クラシカルな衣装ではなく、現代風そのものの衣装で通す(けれど、台詞はそのまんま)アイデアも好みでした。あと舞台装置な!基本は円形なんだけど、それを半分に区切って半円で展開させるシーンを挟み、登場人物の退場も溶暗というか、ふっと暗闇に消えていくように見せていて、次に明かりがはいるとまったく違う場面が用意されている…という演出もよかった。暗転と転換ってないがしろにする演出家はほんっとひと目でわかるし、個人的にそこを雑に扱われると「あーあ」って思っちゃうタイプ。回り舞台になっていて、床面に十字路が組まれているんだけど、それが回転することによって対立する2項に見えたり、x軸とy軸に見えたり、まさに十字架のように見えたりもするのも好きな趣向でした。
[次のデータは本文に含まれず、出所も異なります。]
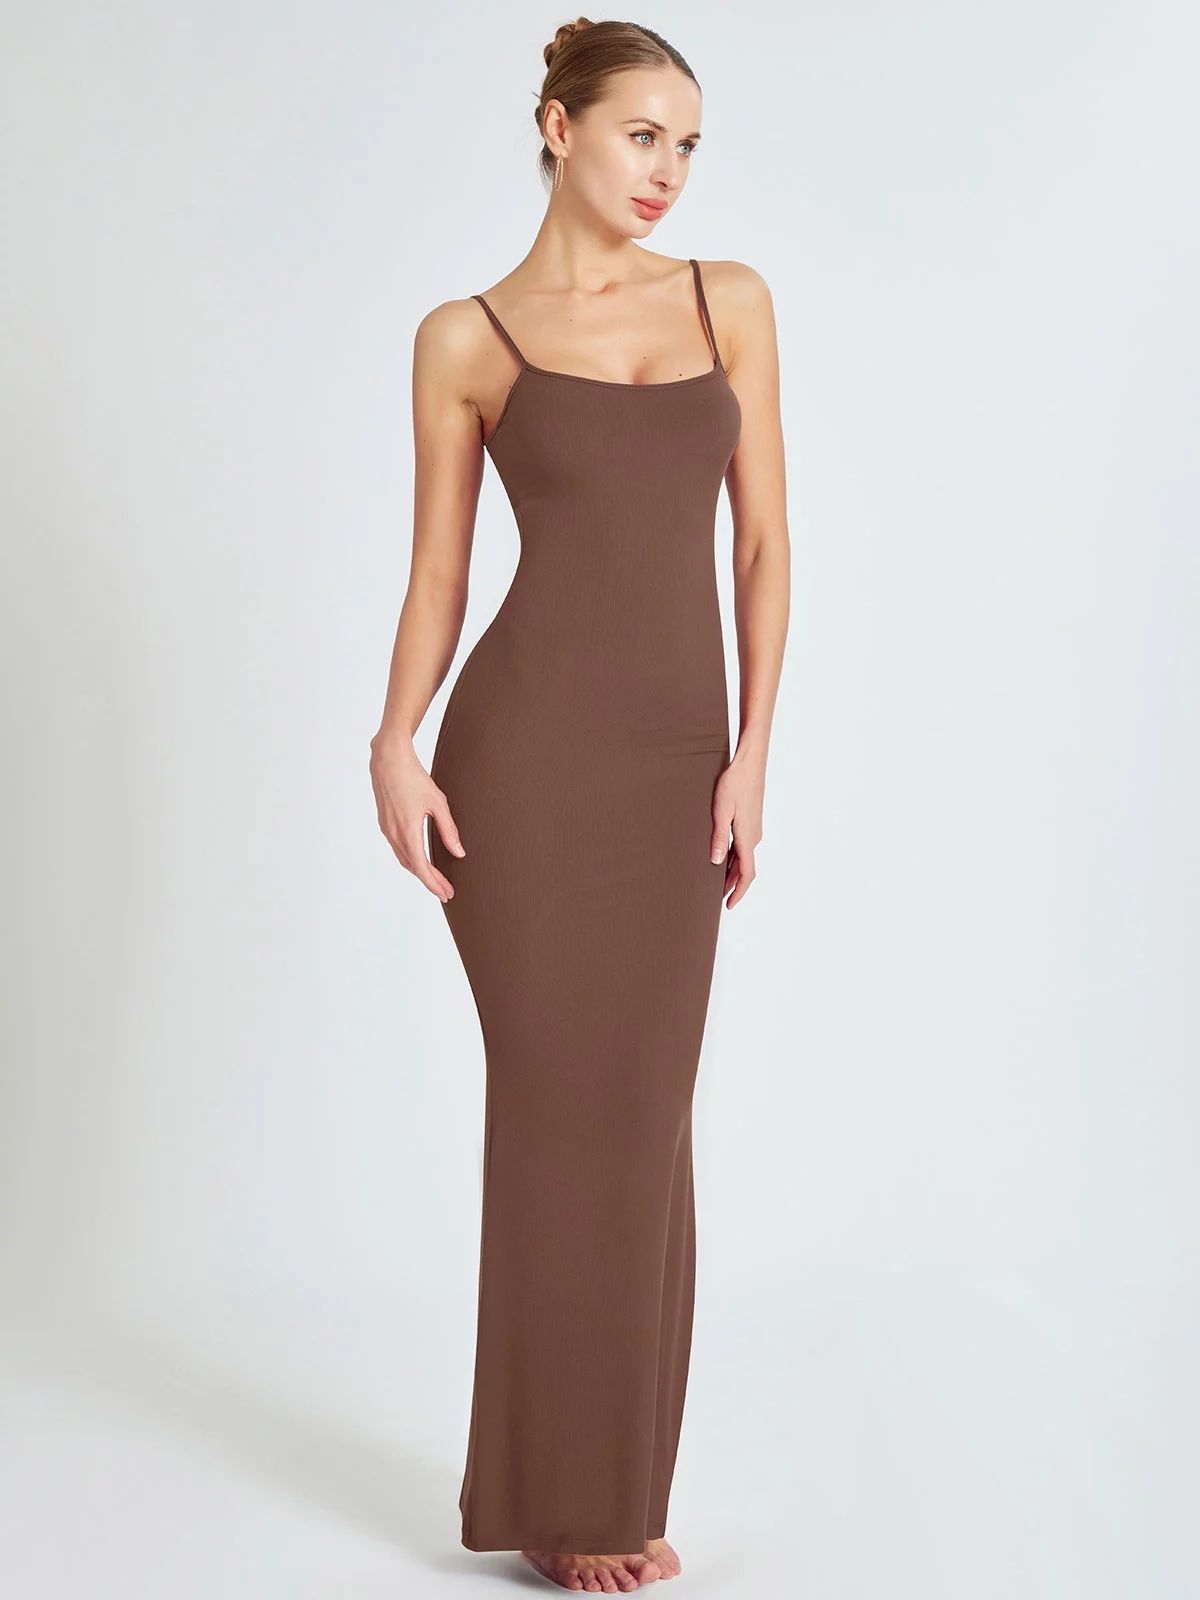 REORIA Women's Slip Dress Ribbed Solid Maxi Wrap Dresses | Walmart (US)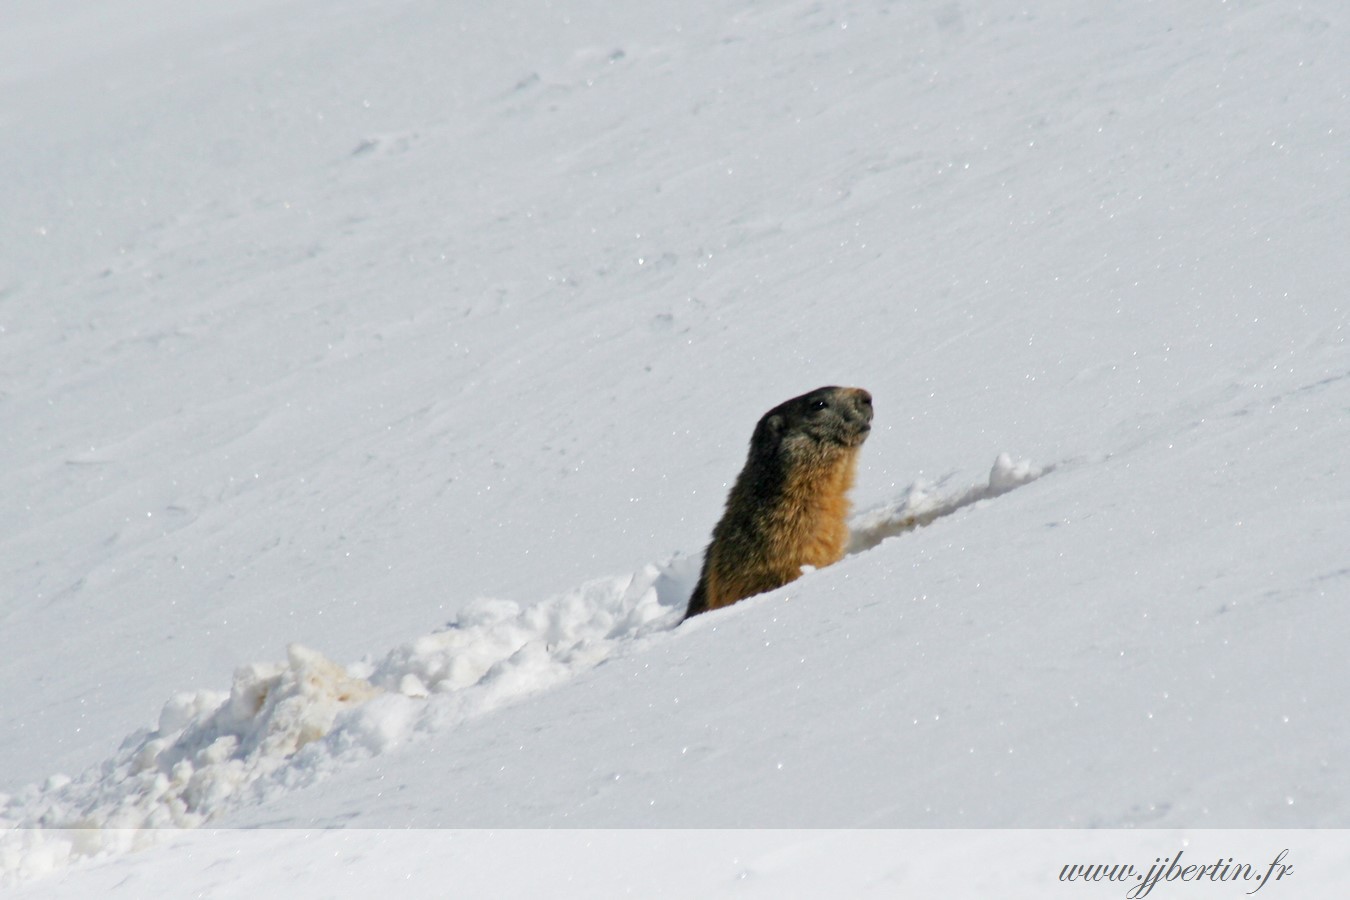 photos animalières drôme jj bertin.fr 2019 marmotte des Alpes

あと、道化の退場のさせ方!あれなかなか斬新なんじゃないでしょうか…コーンウォールの葬儀の場面の演出もめっちゃ好きだった。舞台に登場する傘って、リアルとはちがって(だって劇場では雨は降りませんから普通)基本的に見立ての道具だったりなにかの象徴だったりしますよね。そしてそういう演出がつくづく好きな私。

3時間半が文字通りあっという間で、何度かどっと笑いをとる台詞があったり(ゴネリルとエドマンドのいちゃいちゃのあとの、ゴネリル「同じ男でこんなに違うものか!」とか)するのも楽しく、いやー充実した時間でした。こういうのを見てしまうと、やっぱり一度はイギリスで実際に舞台を見たい!って欲に駆られちゃいますね!